Guideline-Based Recommendations

Diagnosis

  • Assess FLR volume preoperatively to determine risk of postoperative liver failure and need for hypertrophy induction.

Management

  • Use PVE as standard preoperative intervention to induce FLR hypertrophy before major hepatectomy.
  • Consider PVE/HVE to potentially achieve faster and greater hypertrophy, especially when PVE alone is insufficient.
  • PVL may be used selectively during two-stage hepatectomies for bilobar colorectal liver metastases.

Monitoring & Follow-up

  • Monitor FLR volume growth post-embolization to evaluate adequacy for safe hepatic resection.
  • Use fluoroscopic guidance during embolization to avoid non-target embolization and manage risks of reflux or backflow.

Risks

  • Risk of insufficient hypertrophy or disease progression during waiting interval after PVE (30–40% failure rate in colorectal liver metastases).
  • Potential complications from embolic agents including migration and non-target embolization.
  • Surgical PVL may cause inflammation and scarring complicating subsequent hepatectomy.
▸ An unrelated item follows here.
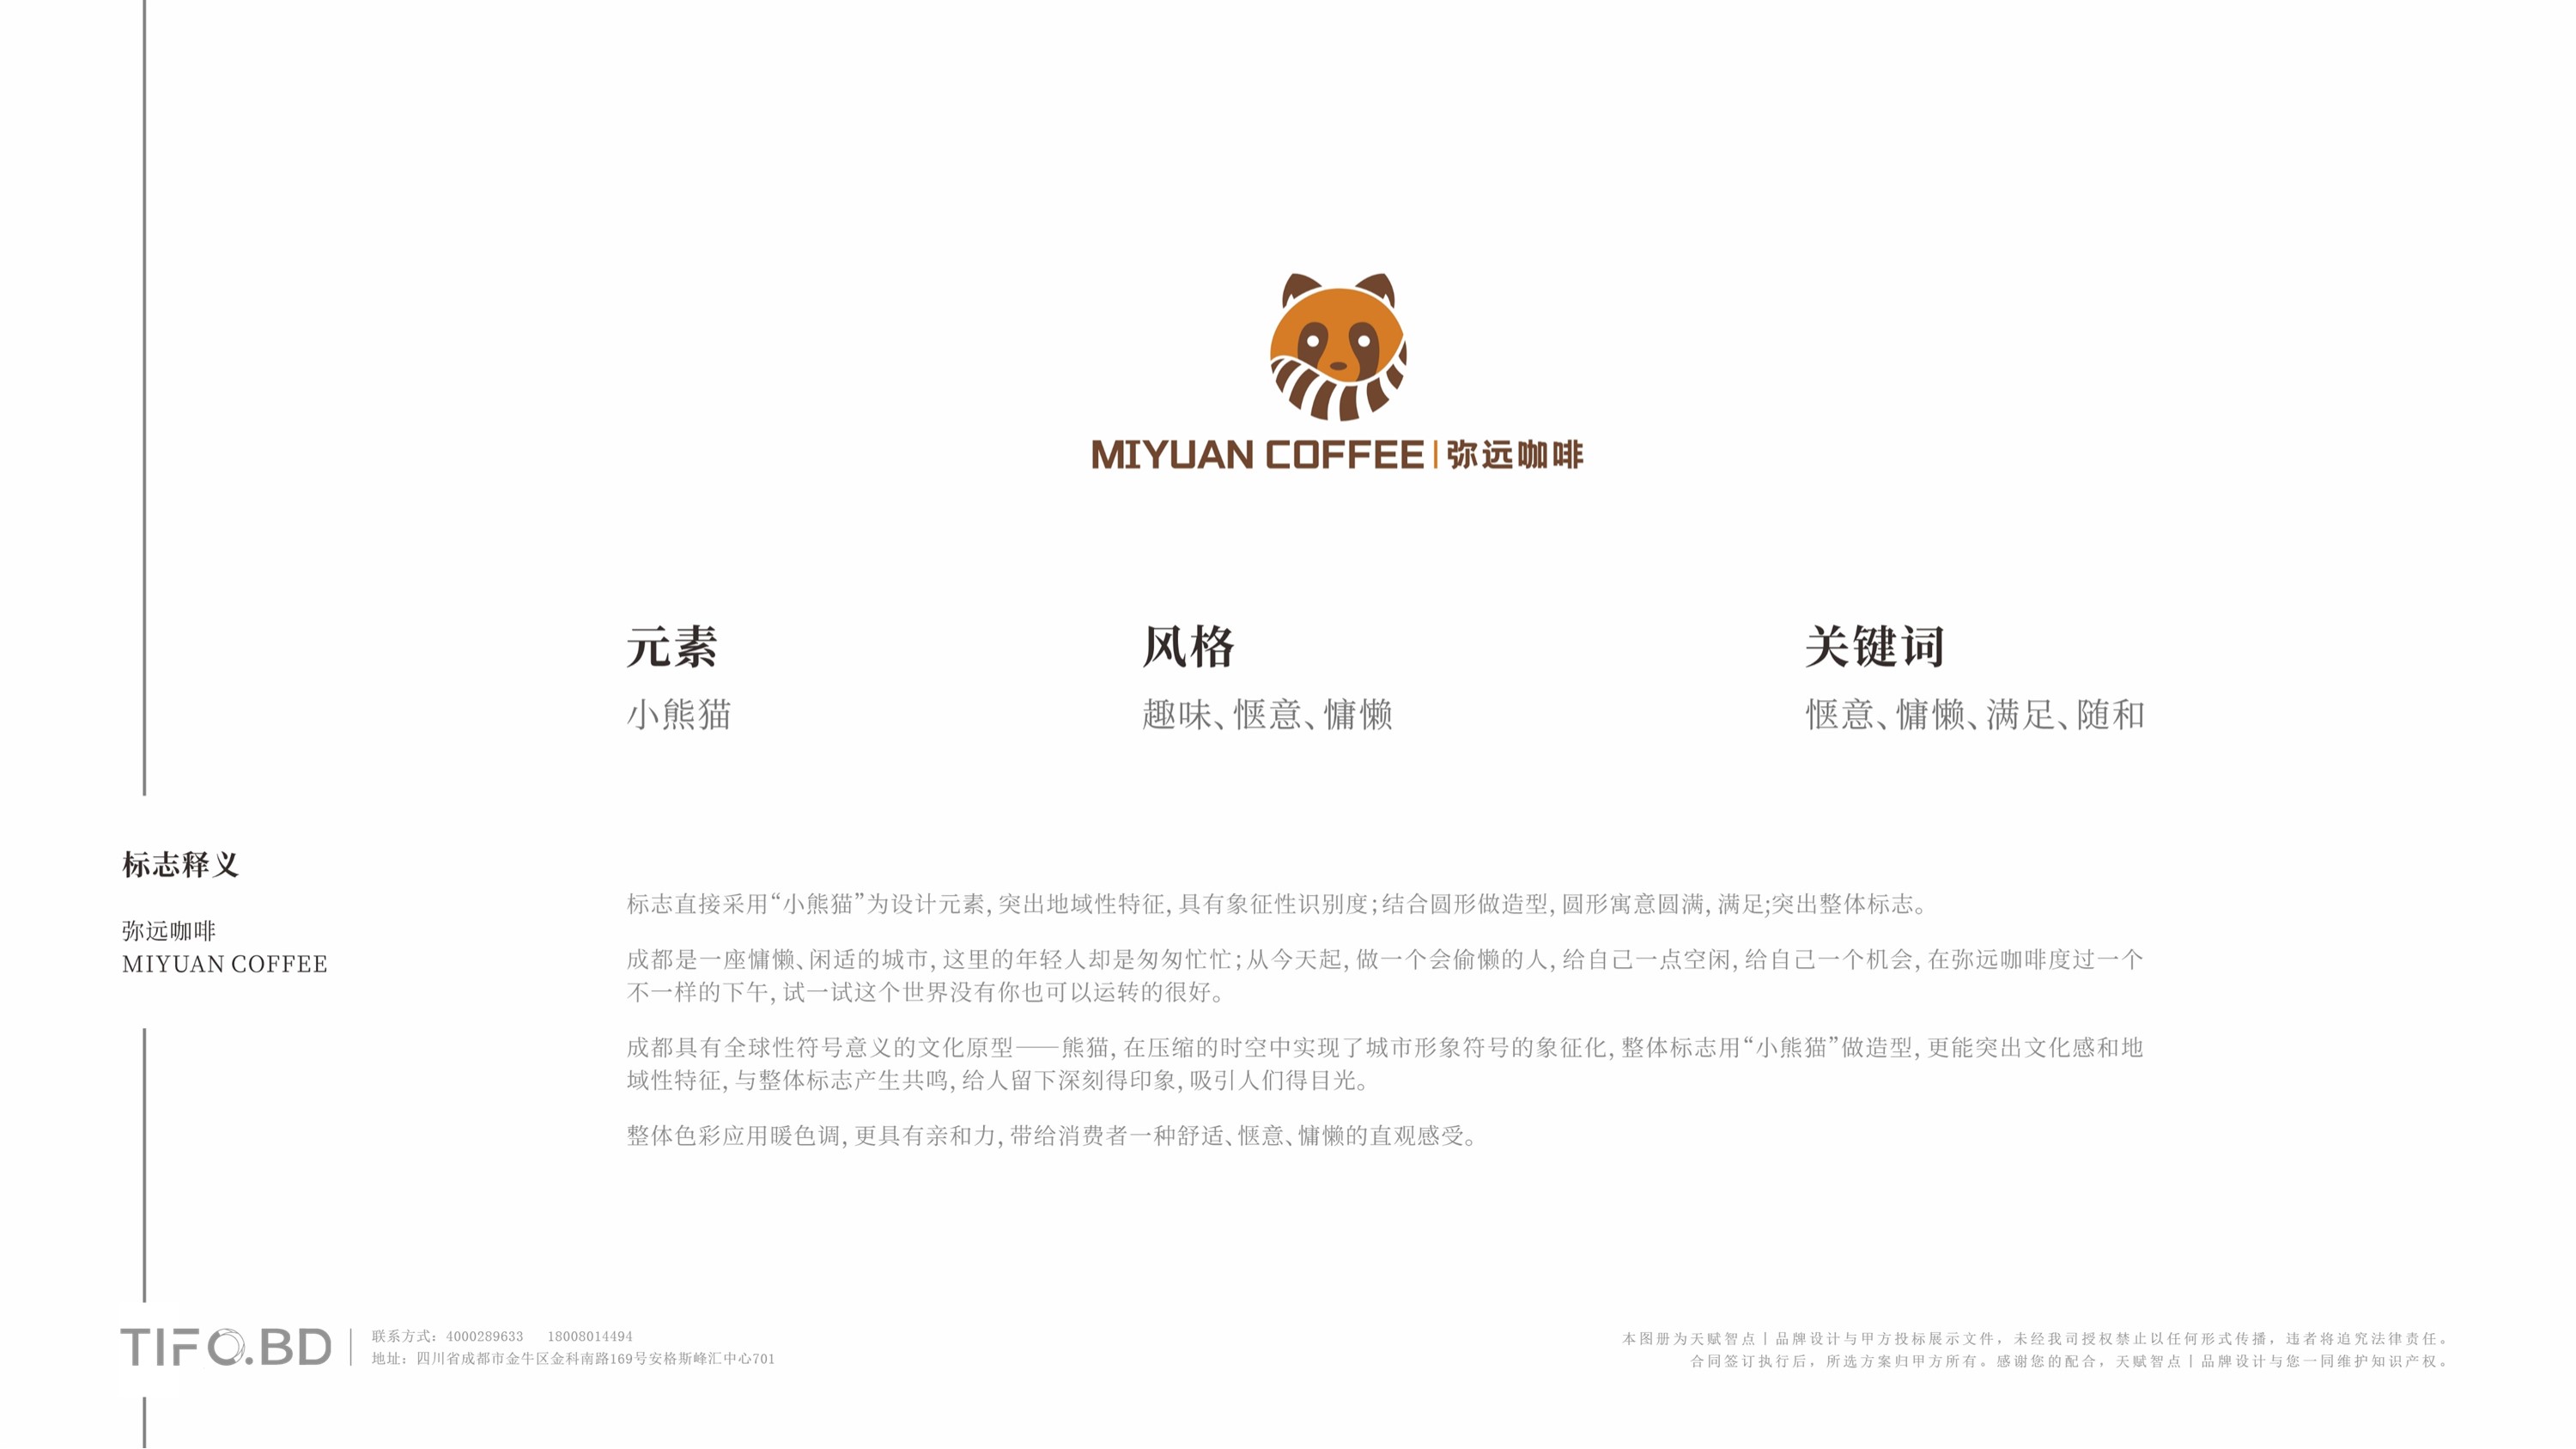 咖啡餐饮品牌全案设计 (33).jpg

Patient & Prescribing Data

Patients with limited FLR volume undergoing major liver resection, particularly colorectal liver metastases and hilar bile duct carcinoma

PVE improves FLR volume by approximately 11–12%, reducing postoperative liver failure and increasing resectability; PVE/HVE may offer faster hypertrophy but requires further prospective validation.

Clinical Best Practices

  • Prefer PVE over PVL due to minimally invasive nature and reduced perioperative morbidity.
  • Select embolic materials carefully; NBCA mixed with Lipiodol offers rapid and permanent occlusion but requires careful technique to avoid complications.
  • Consider adjunctive embolization with absolute alcohol in PVL to enhance hypertrophy response.
  • Use serial imaging to assess FLR hypertrophy before proceeding with hepatic resection.